Bien entendu, cela le conduit, comme ses aînés, non pas certes à utiliser un messager pour raconter ce qui n’est pas joué sur scène, mais à s’autoriser d’amples retours en arrière pour mieux situer les deux jours (« the last two days » (Conrad 1895a, p.148, l.12)) fatidiques d’Almayer. C’est là la version romanesque du multa tolle ex oculis (de ces événements nombreux qui ne se déroulent pas au moment où le lecteur a les personnages sous les yeux) et dont beaucoup d’écrivains font usage, du Scarron du Roman comique (1651 & 1657 : un unique séjour au Mans est informé du passé de chaque comédien de la troupe) au Saint-Exupéry de Pilote de guerre (1940 : une unique mission est informée de toutes les autres), voire au Louis Malle du Voleur (1967 : la seule nuit du cambriolage chez Me Vivonne est informée de toute la vie du héros de Darien), tant le cinéma suit de près le roman dans ce qu’on y appelle le flash back.

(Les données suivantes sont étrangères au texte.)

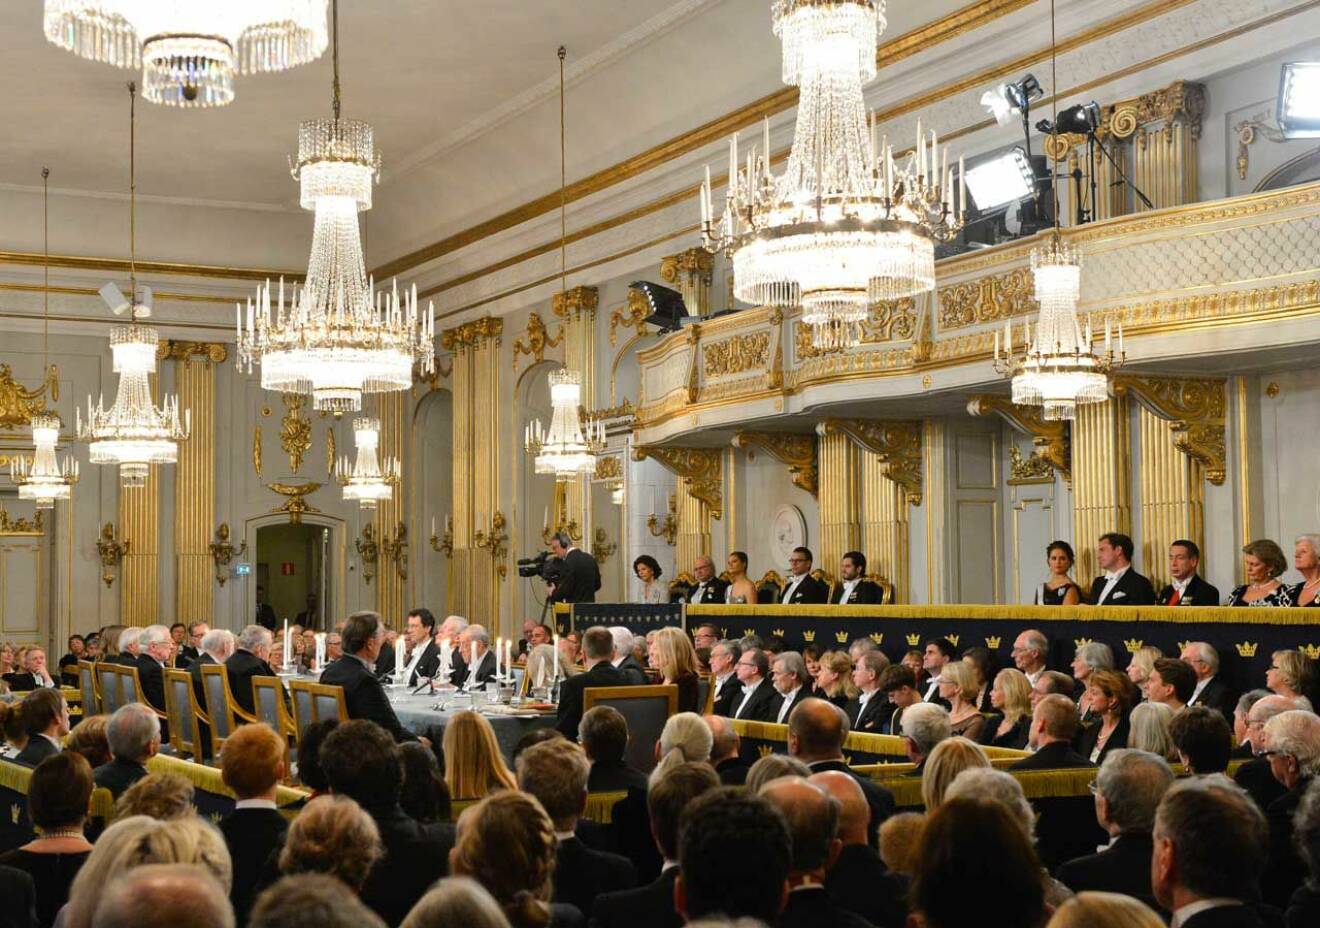 Våra bedömare är eniga: Svenska Akademien förtjänar inte den legitimitet som det skulle ge om hela kungafamiljen närvarar vid högtidssammankomsten.

Or, le maintien de telles cohérences temporelles, malgré toutes les incidentes et les digressions qui les entravent, est précisément le problème majeur affronté par Almayer.
De la première nuit (celle du retour de Dain) à la seconde (celle où Nina quitte la maison d’Almayer), dix chapitres s’écoulent. Le chapitre XI conduit au matin suivant, soit à environ 36 heures de la première scène, tandis que la troisième nuit (celle qui suit le départ définitif de Nina, qui a quitté Sambir l’après-midi), après 48 heures donc, tombe au milieu du chapitre XII et dernier (« They slept on the river that night » (Conrad 1895a, p.147, l.29)), ne laissant plus qu’une dizaine de pages pour conclure.
« La règle des vingt-quatre heures avait été discutée par Chapelain en 1630 dans une lettre de réponse à Godeau. Cette exigence mit assez longtemps à s’imposer et ne triompha qu’après 1640. » (Giraud 1981, p.356, n.165)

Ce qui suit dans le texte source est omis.